#### Data provided:
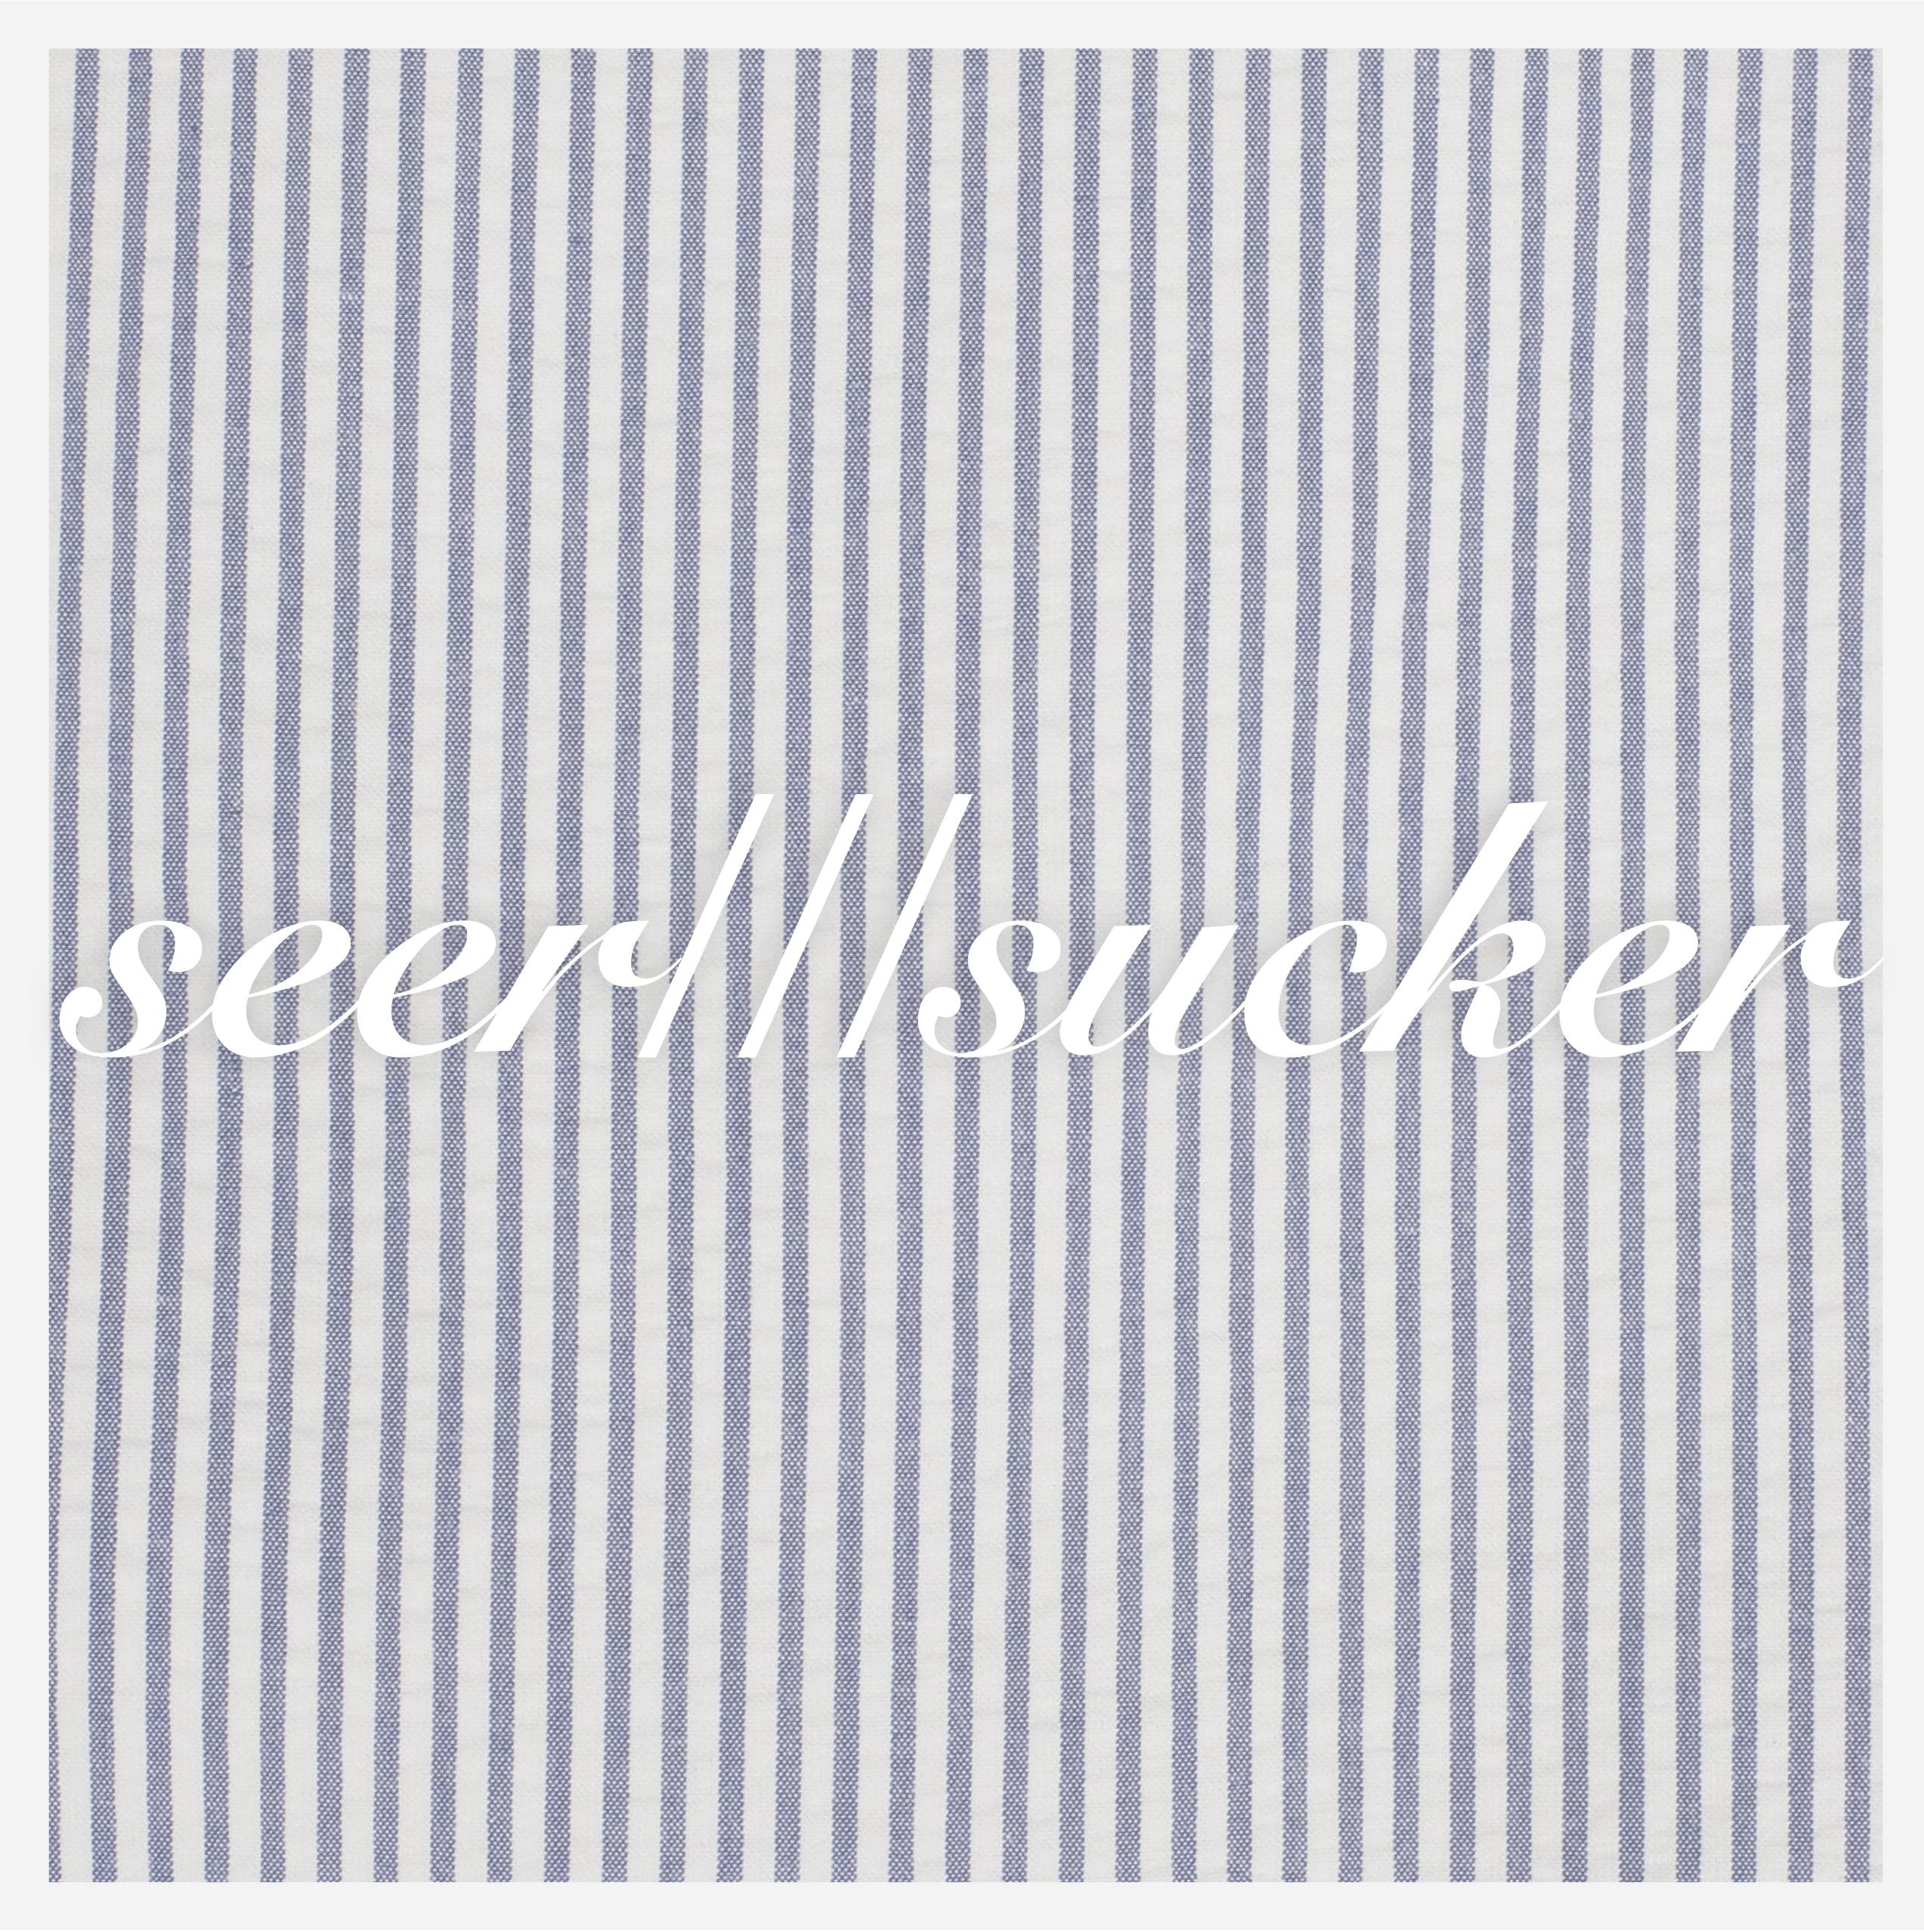 seer///sucker
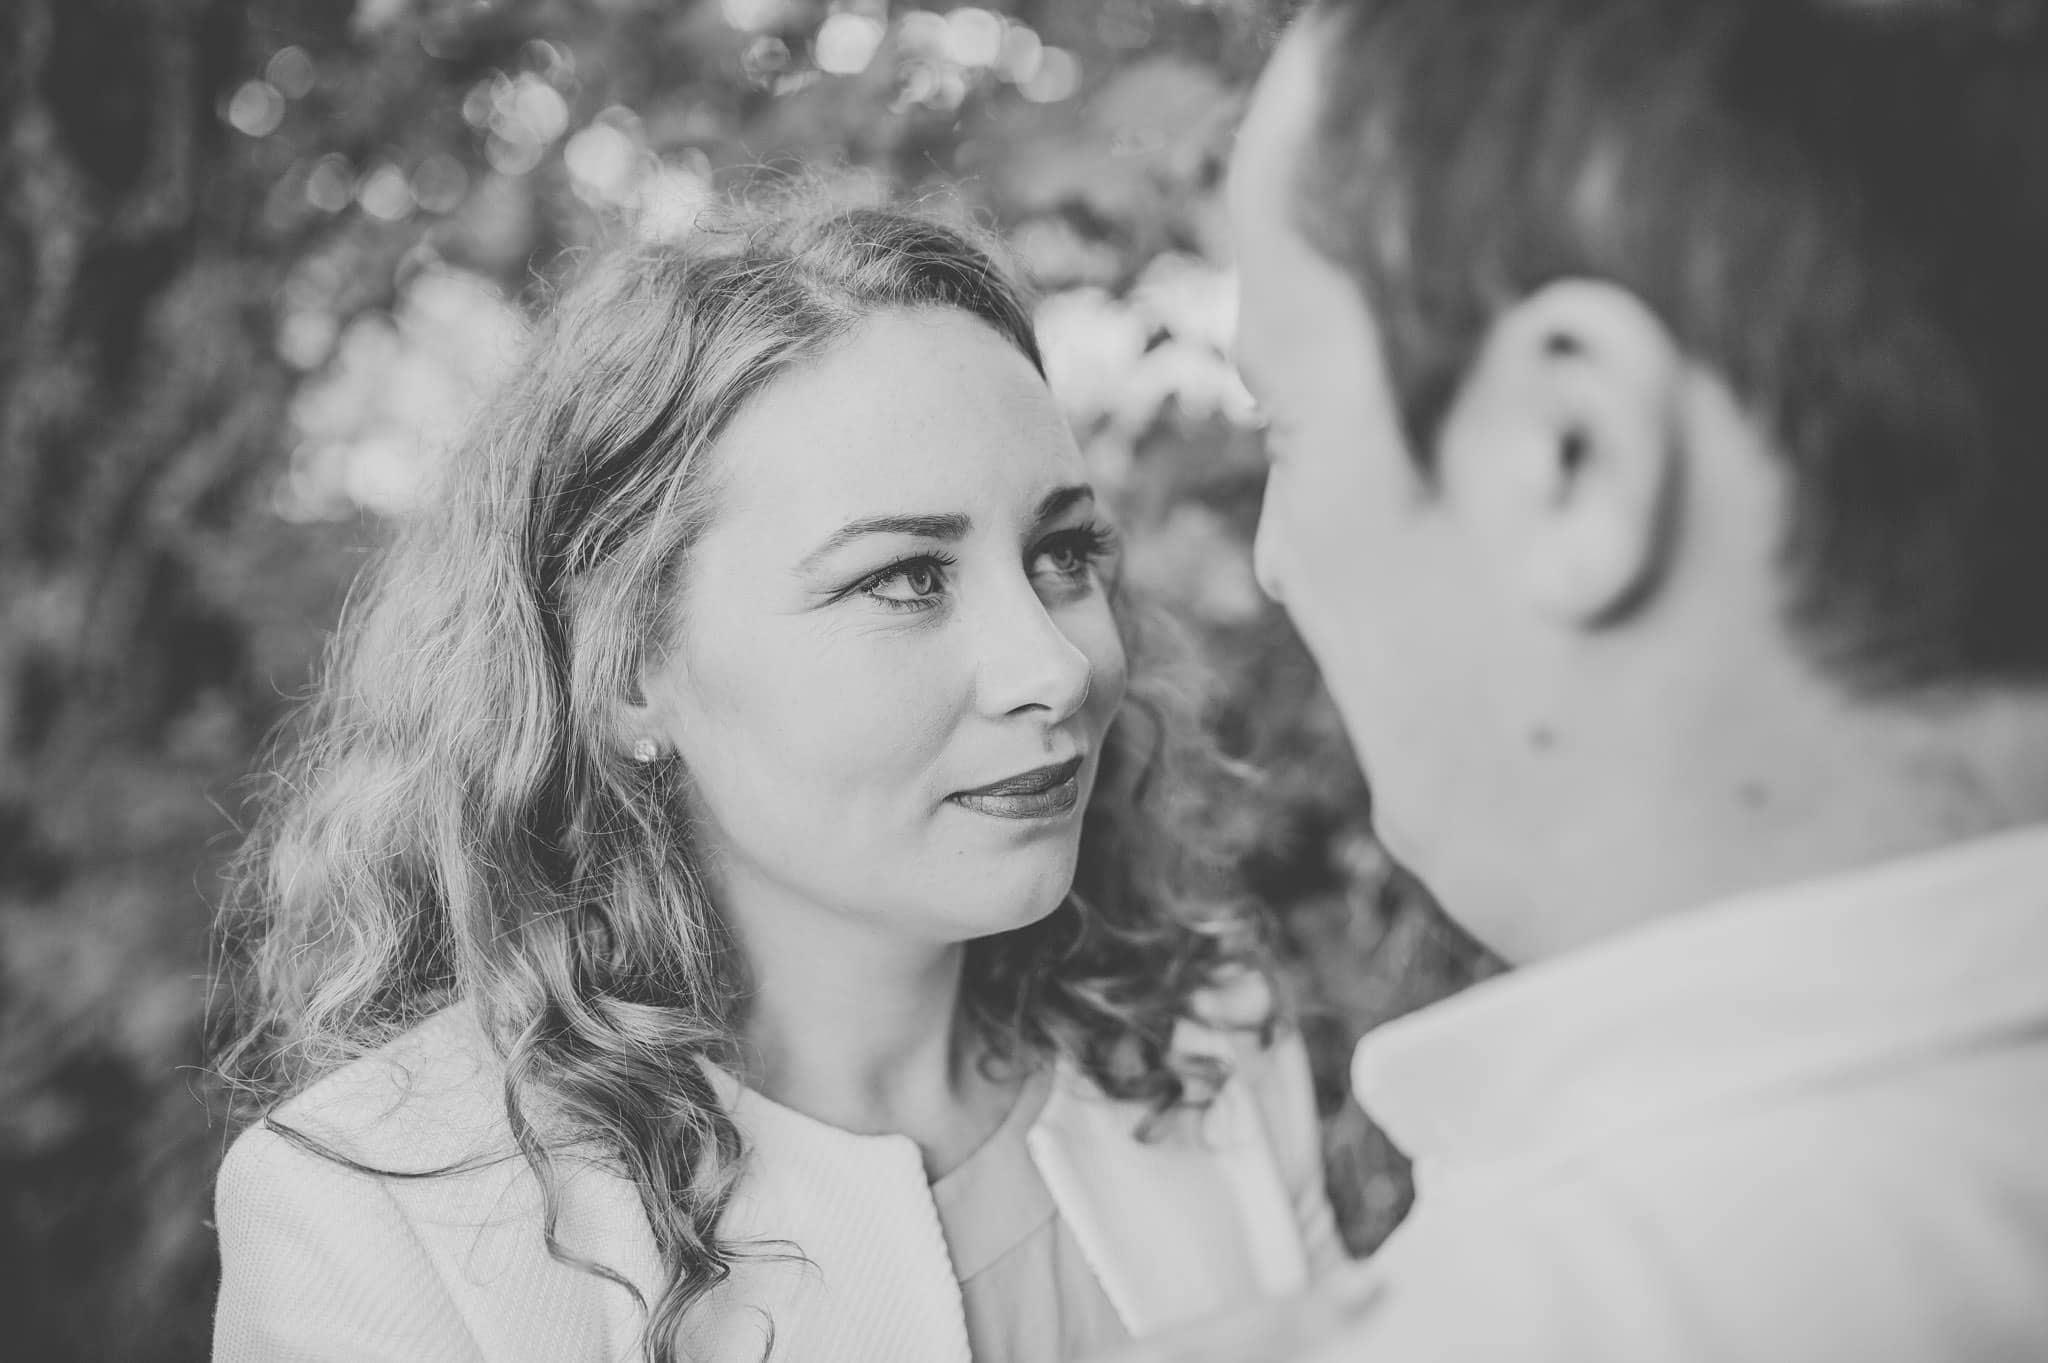 wedding-photographer-aberystwyth (3)
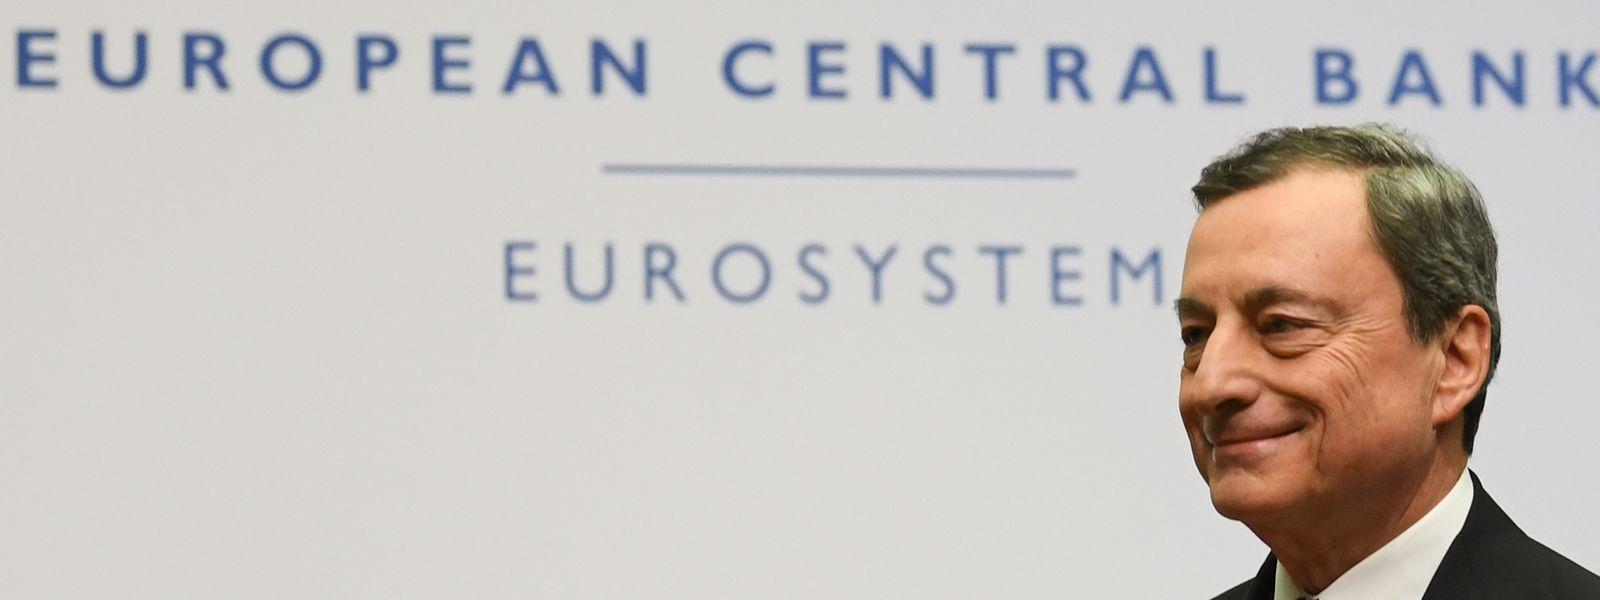 Mario Draghi, Präsident der Europäischen Zentralbank (EZB), verlässt im Anschluss an die Pressekonferenz in der EZB-Zentrale das Podium.
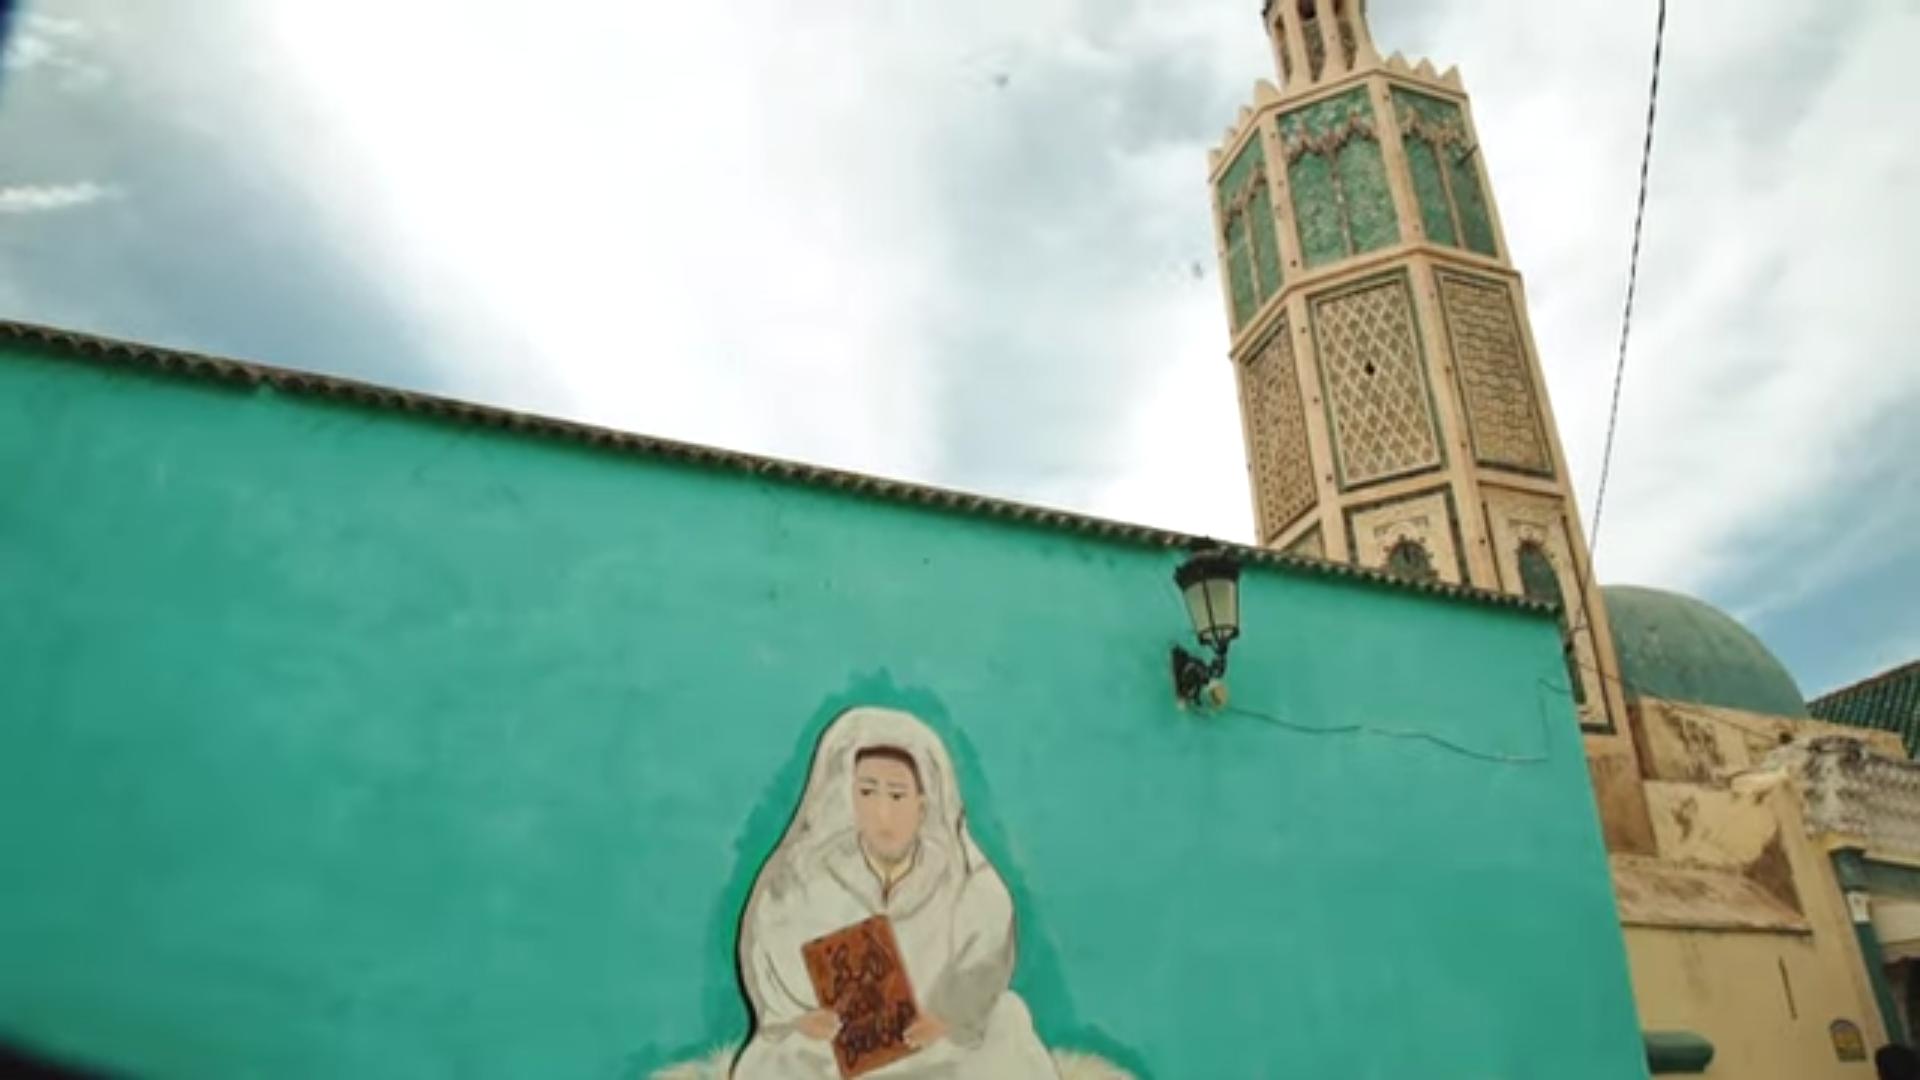 وثائقي عن عبقرية الاعتدال يخلق الحدث بمناسبة عيد العرش + فيديو

#### Your assignment:
Give back the material above exactly, with each picture removed.

#### Written reply:
 seer///sucker
 wedding-photographer-aberystwyth (3)
 Mario Draghi, Präsident der Europäischen Zentralbank (EZB), verlässt im Anschluss an die Pressekonferenz in der EZB-Zentrale das Podium.
 وثائقي عن عبقرية الاعتدال يخلق الحدث بمناسبة عيد العرش + فيديو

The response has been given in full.